### REQUIREMENT
No picture should appear in the copy. Transcribe exactly, and only, the lines from the one with "Андрей Саунин, адвокат" through the last line of the data below.

◇ ◇ ◇ ◇ ◇

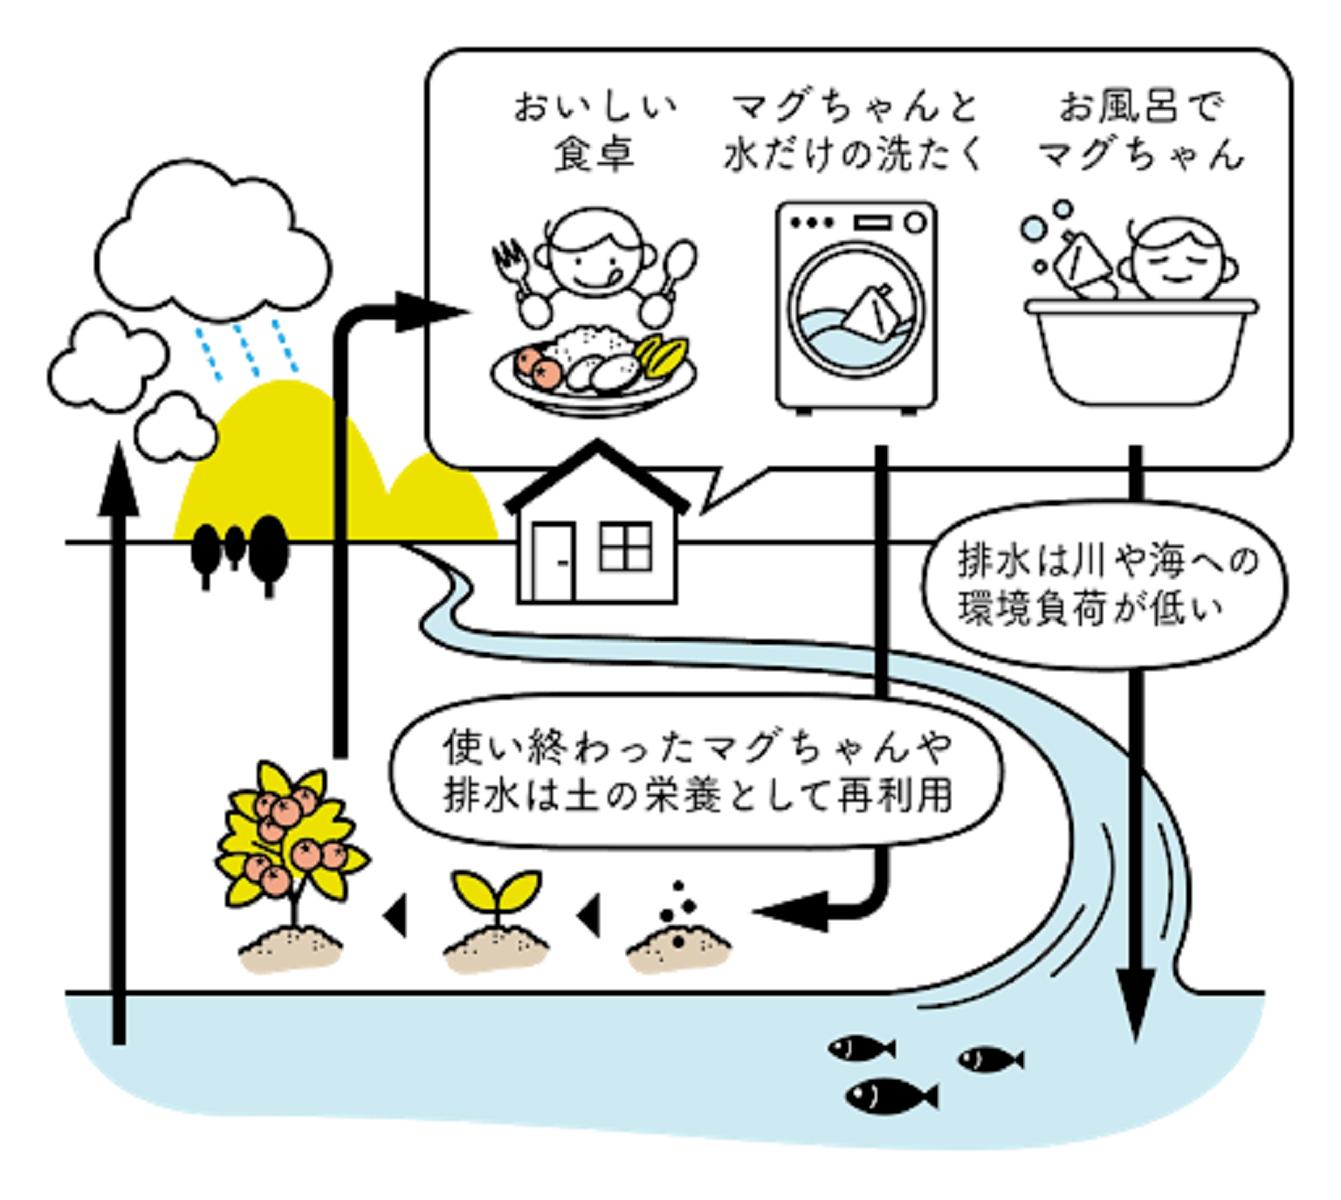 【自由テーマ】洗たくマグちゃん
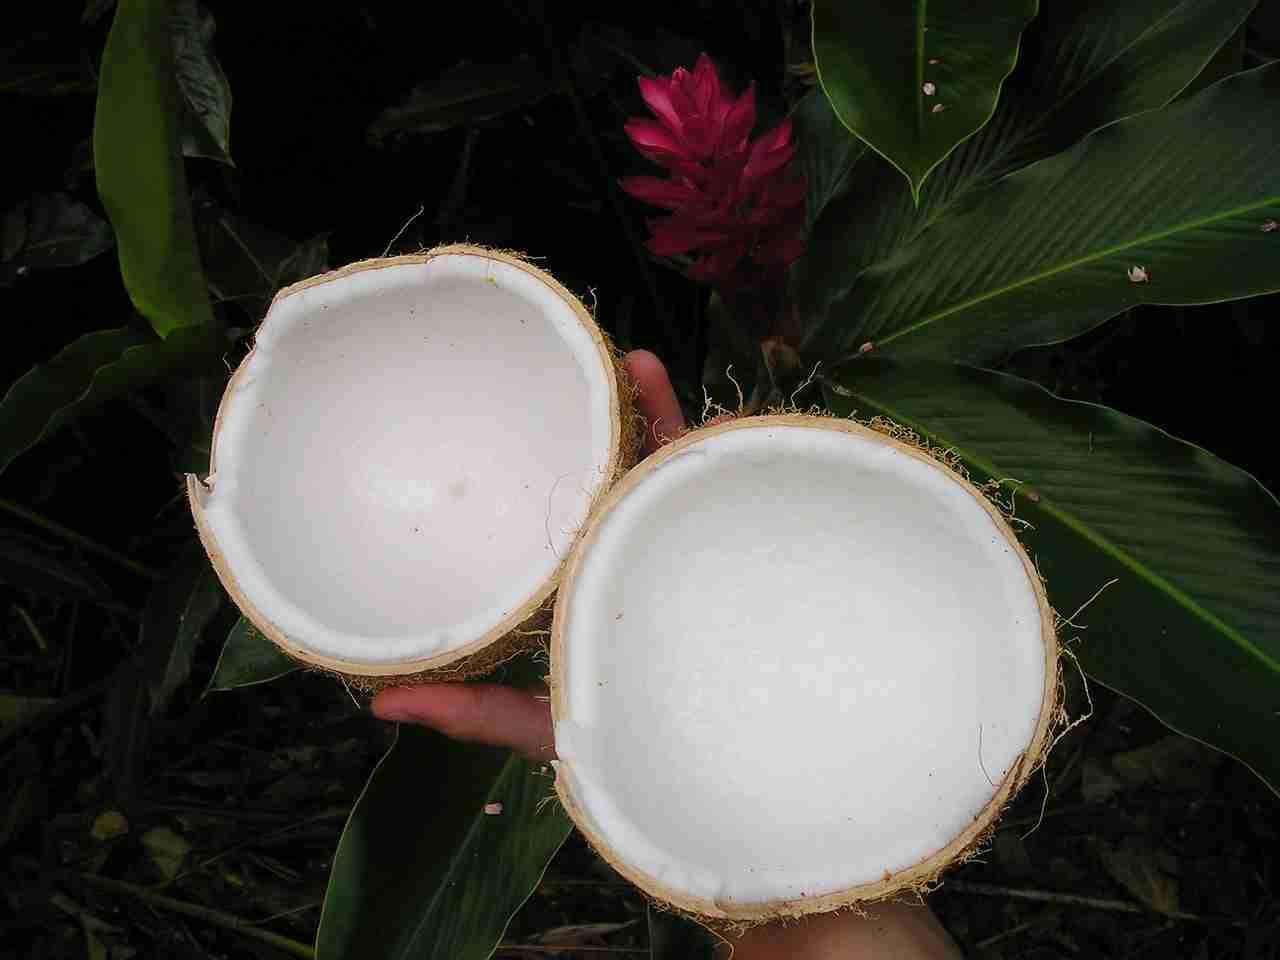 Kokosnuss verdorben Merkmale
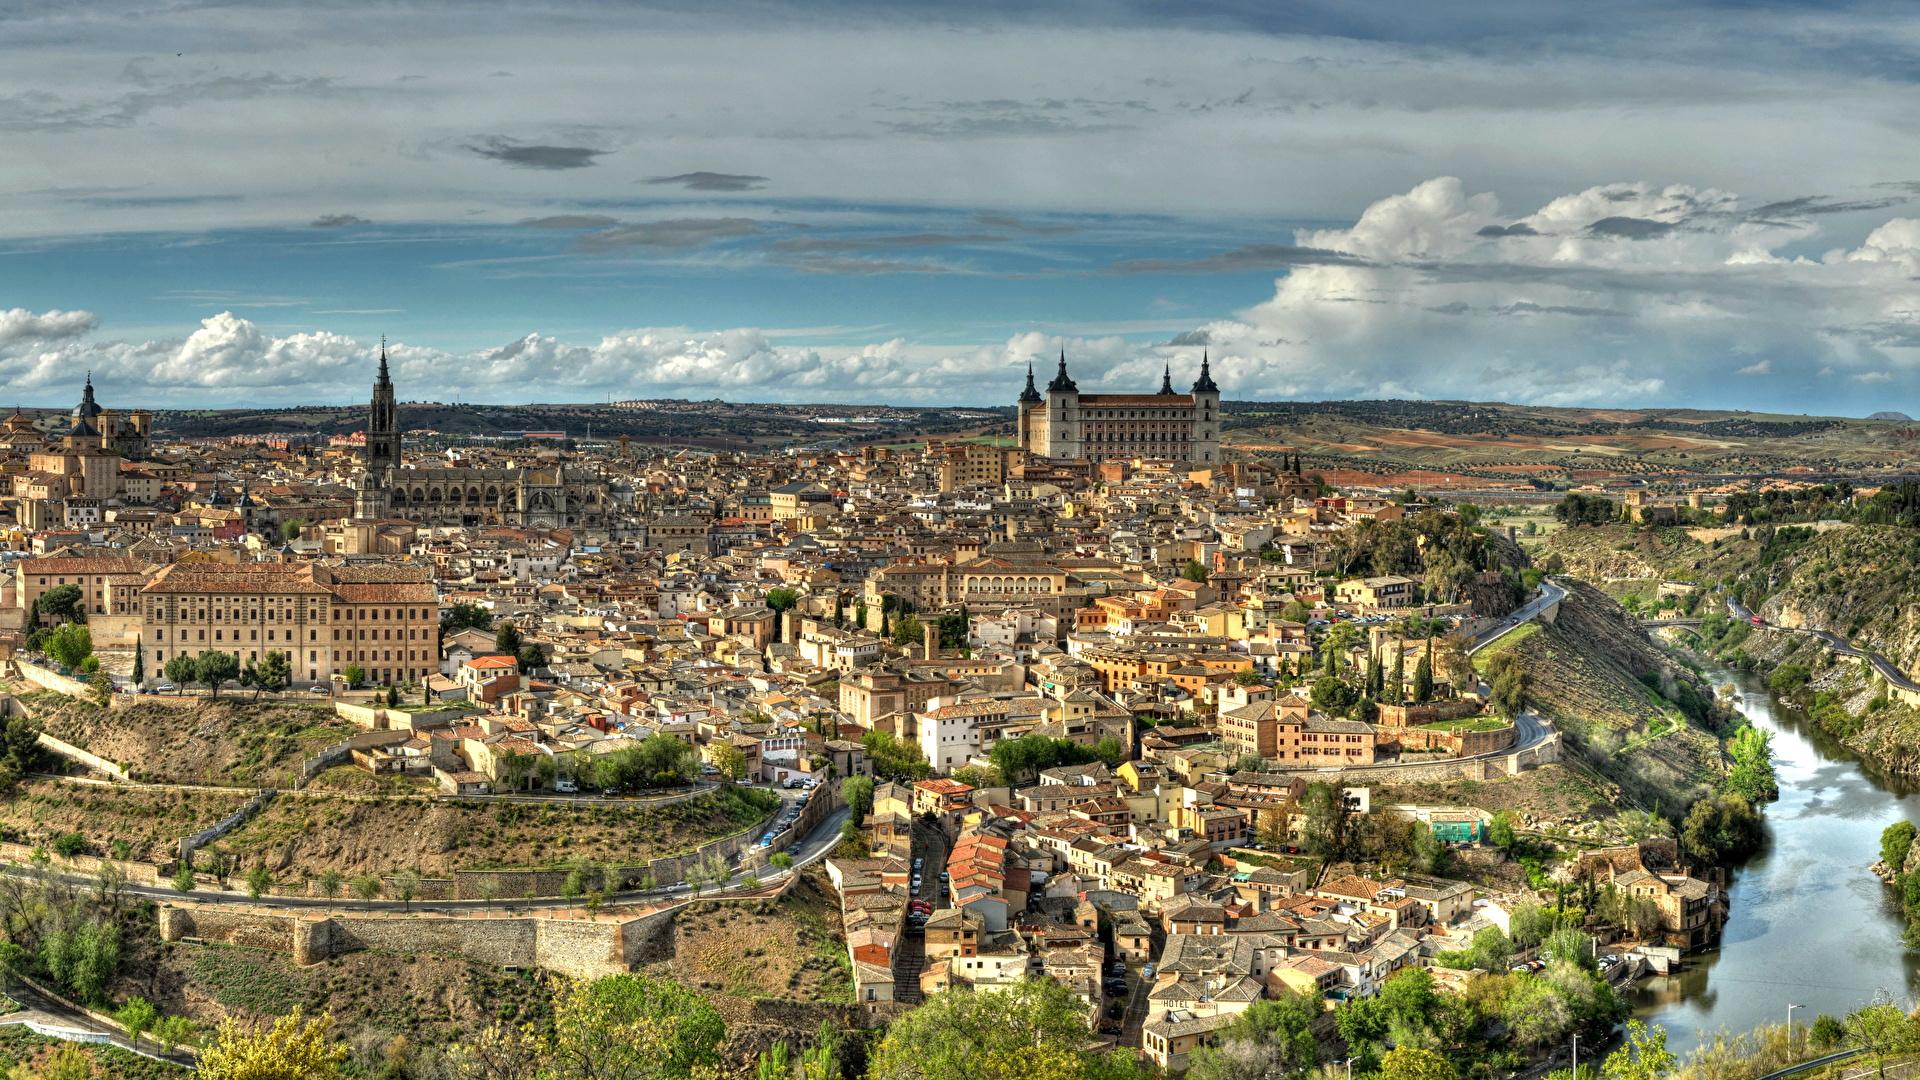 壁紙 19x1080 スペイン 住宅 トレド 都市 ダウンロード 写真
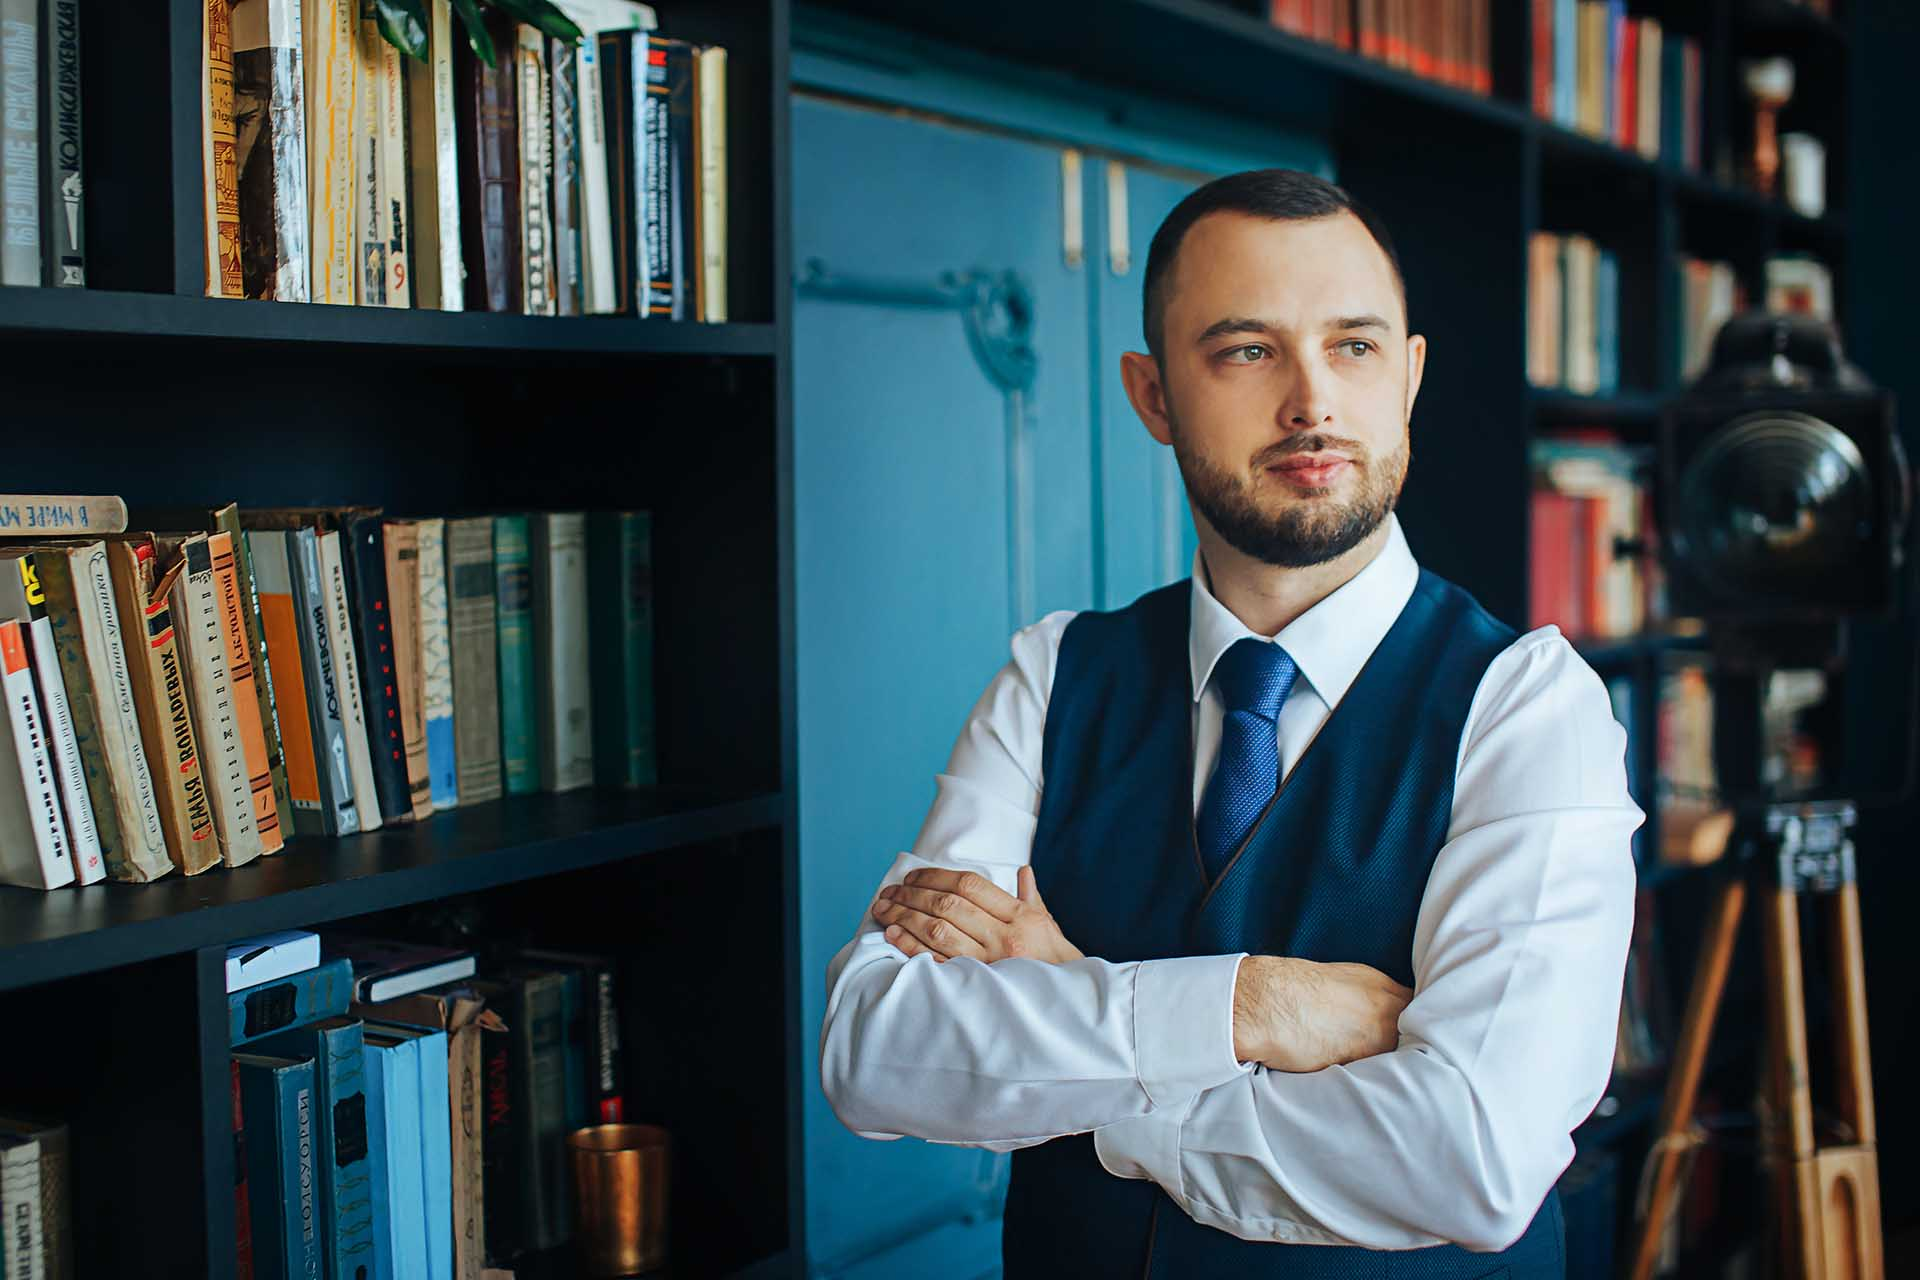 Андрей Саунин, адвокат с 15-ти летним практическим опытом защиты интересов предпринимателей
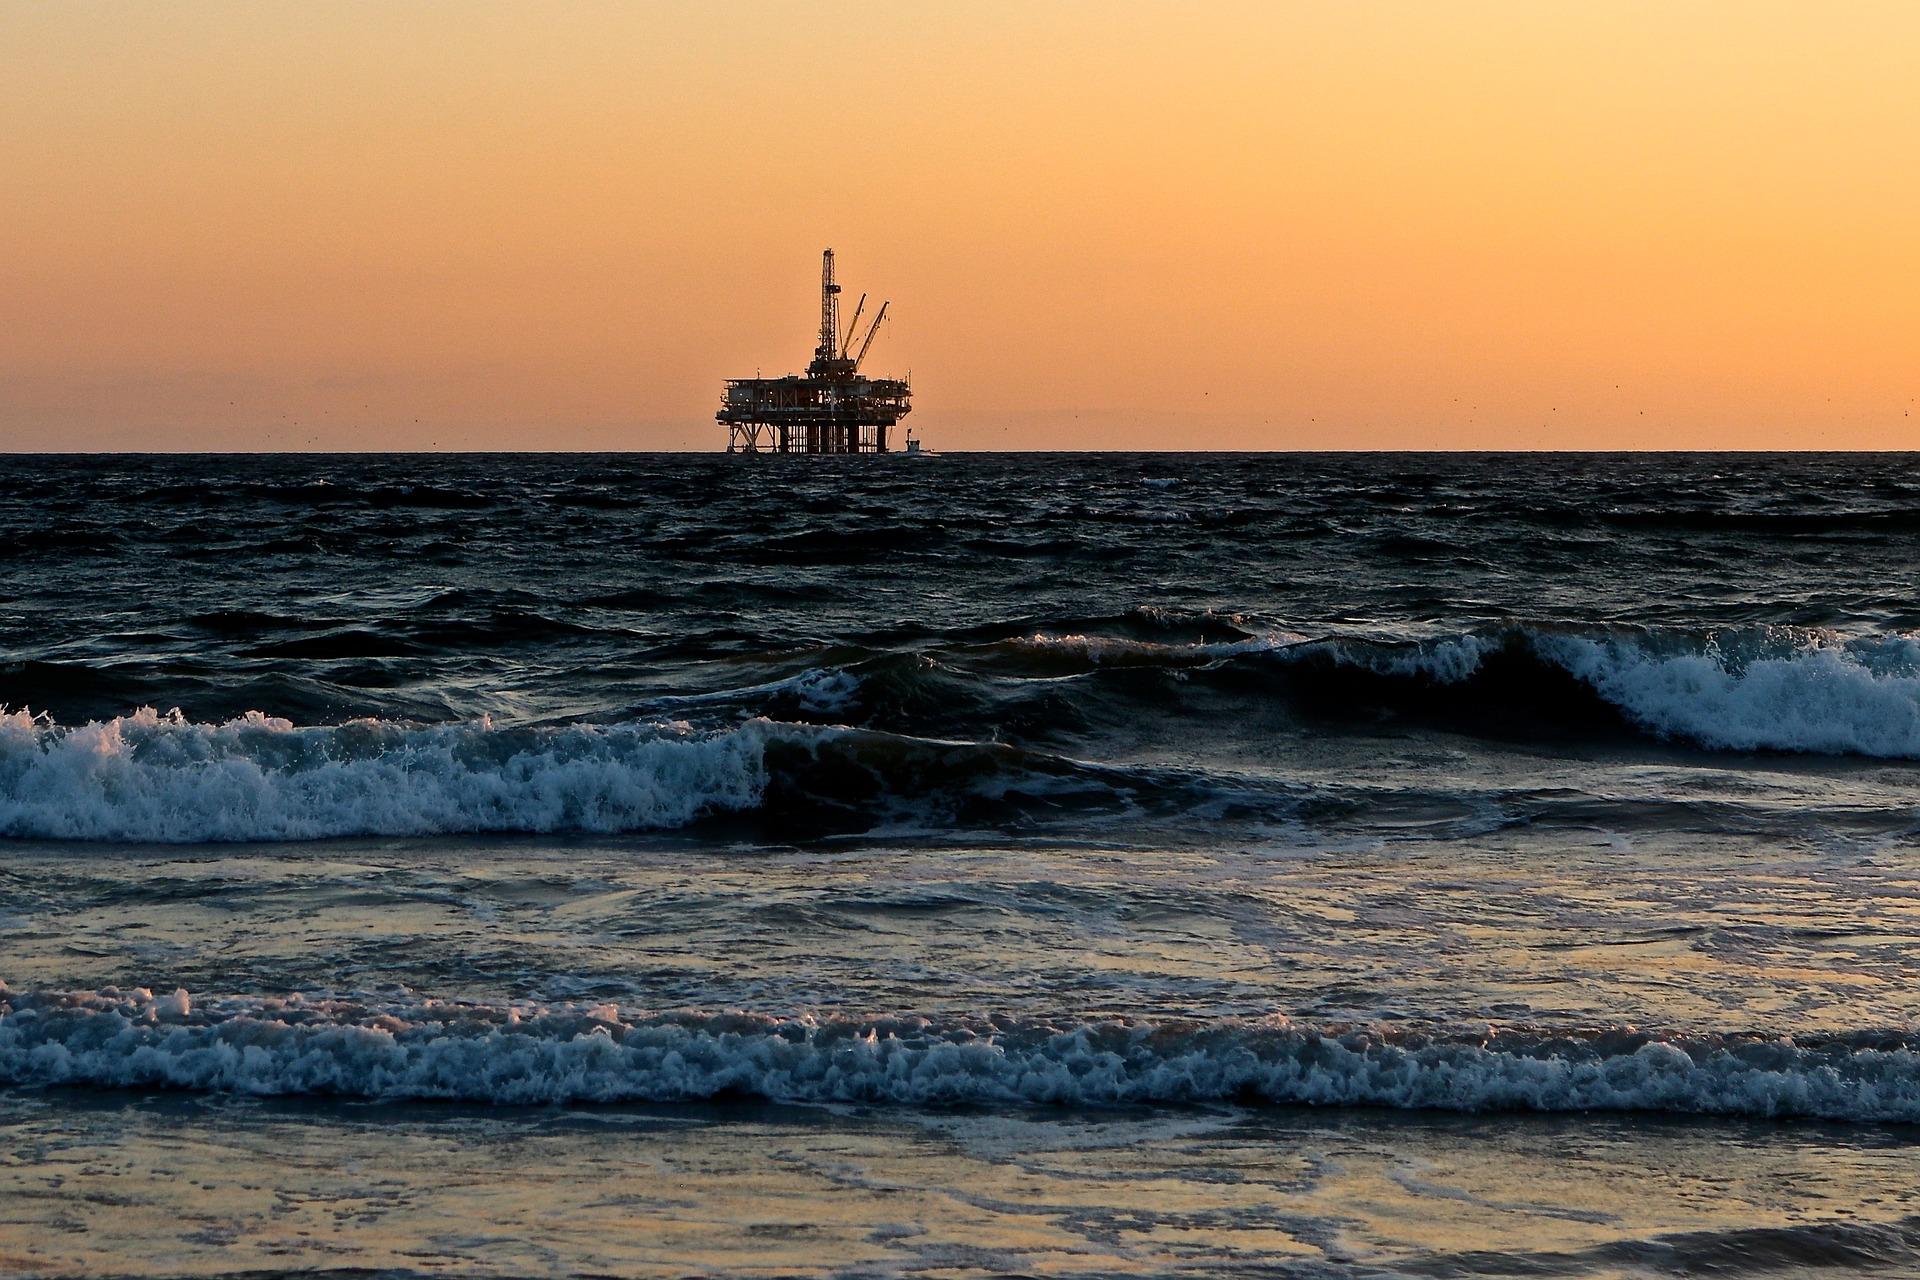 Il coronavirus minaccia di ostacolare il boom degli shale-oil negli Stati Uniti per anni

◇ ◇ ◇ ◇ ◇

### EXERCISE ANSWER
 Андрей Саунин, адвокат с 15-ти летним практическим опытом защиты интересов предпринимателей
 Il coronavirus minaccia di ostacolare il boom degli shale-oil negli Stati Uniti per anni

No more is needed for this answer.